From: Kevin Wolf <kwolf@suse.de>
To: Laurent Vivier <Laurent.Vivier@bull.net>
Cc: qemu-devel@nongnu.org
Subject: Re: [Qemu-devel] [PATCH] Align file accesses with cache=off (O_DIRECT)
Date: Wed, 30 Apr 2008 11:21:56 +0200 [thread overview]
Message-ID: <48183A34.7030608@suse.de> (raw)
In-Reply-To: <1209487719.4248.43.camel@frecb07144>
[-- Attachment #1: Type: text/plain, Size: 2575 bytes --]
Laurent Vivier schrieb:
>> Hm, yes. We could call raw_pread in raw_aio_read when O_DIRECT is used
>> and the request is not properly aligned.
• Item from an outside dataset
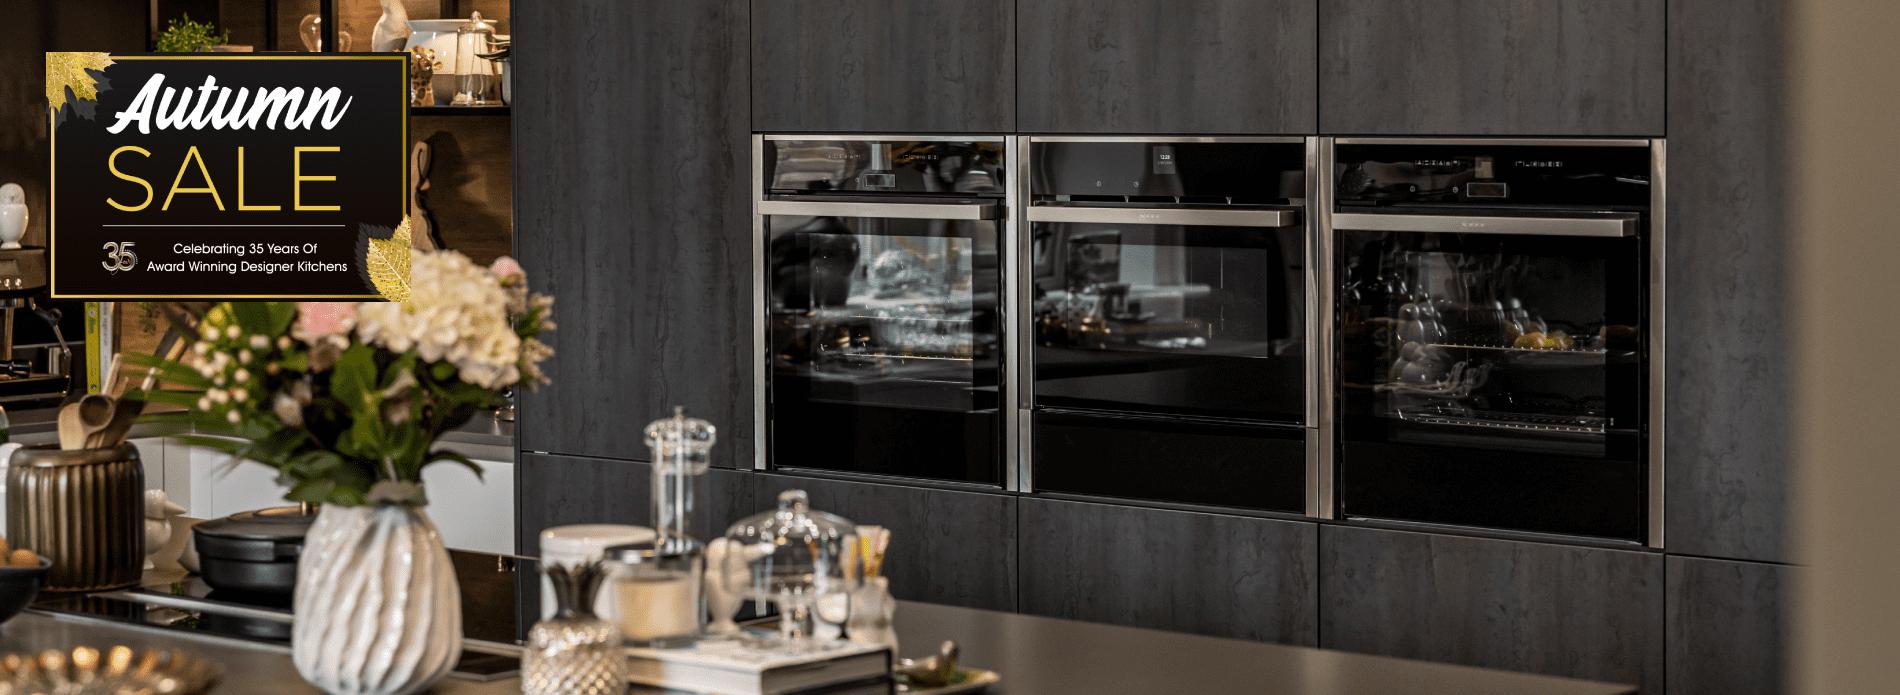 Cashback On High-tech Neff Appliances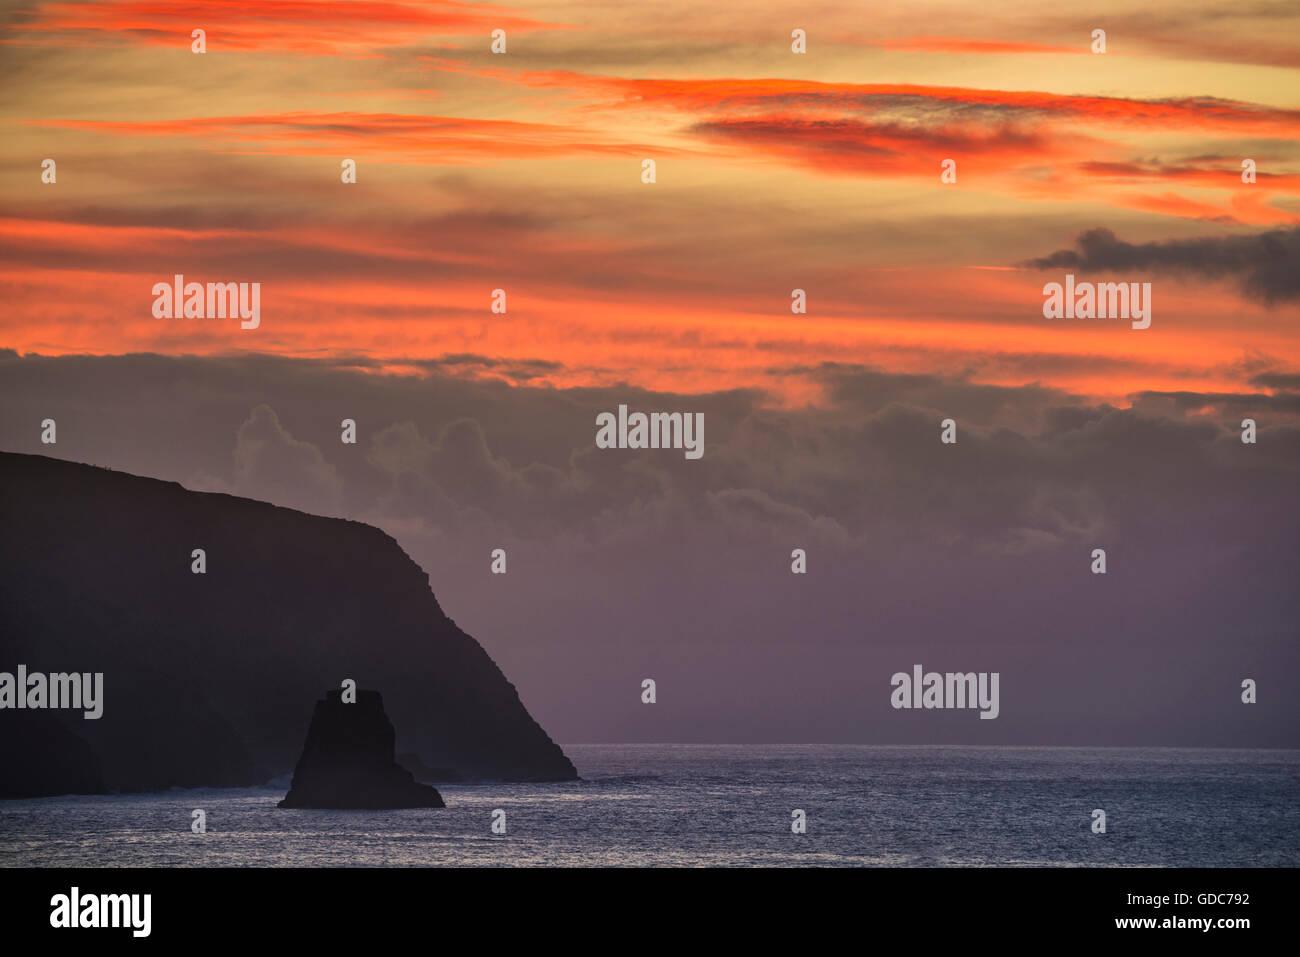 South America,Chile,Easter Island,Isla de Pasqua,south pacific,UNESCO,World Heritage,sunrise - Stock Image

Is this what you meant?
>
> No, it was just a (stupid) comment. I think we must not convert
> asynchronous I/O to synchronous I/O.
Why not? If I'm not mistaken (but if you think it's wrong, probably I
am) the only possible drawback should be performance. And we're not
talking about normal guest IO, these accesses are aligned anyway.
>> I think we agree that it's mostly item 3 why one would use O_DIRECT with
>> qemu. In terms of reliability, it is important that the data really is
>> written to the disk when the guest OS thinks so. But when for example
>> qemu crashes, I don't think it's too important if 40% or 50% of a
>> snapshot have already been written - it's unusable anyway. A sync
>> afterwards could be enough there.
>
> I don't speak about "qemu crashes" but about "host crashes".
Well, I've never seen a host crash where qemu survived. ;-)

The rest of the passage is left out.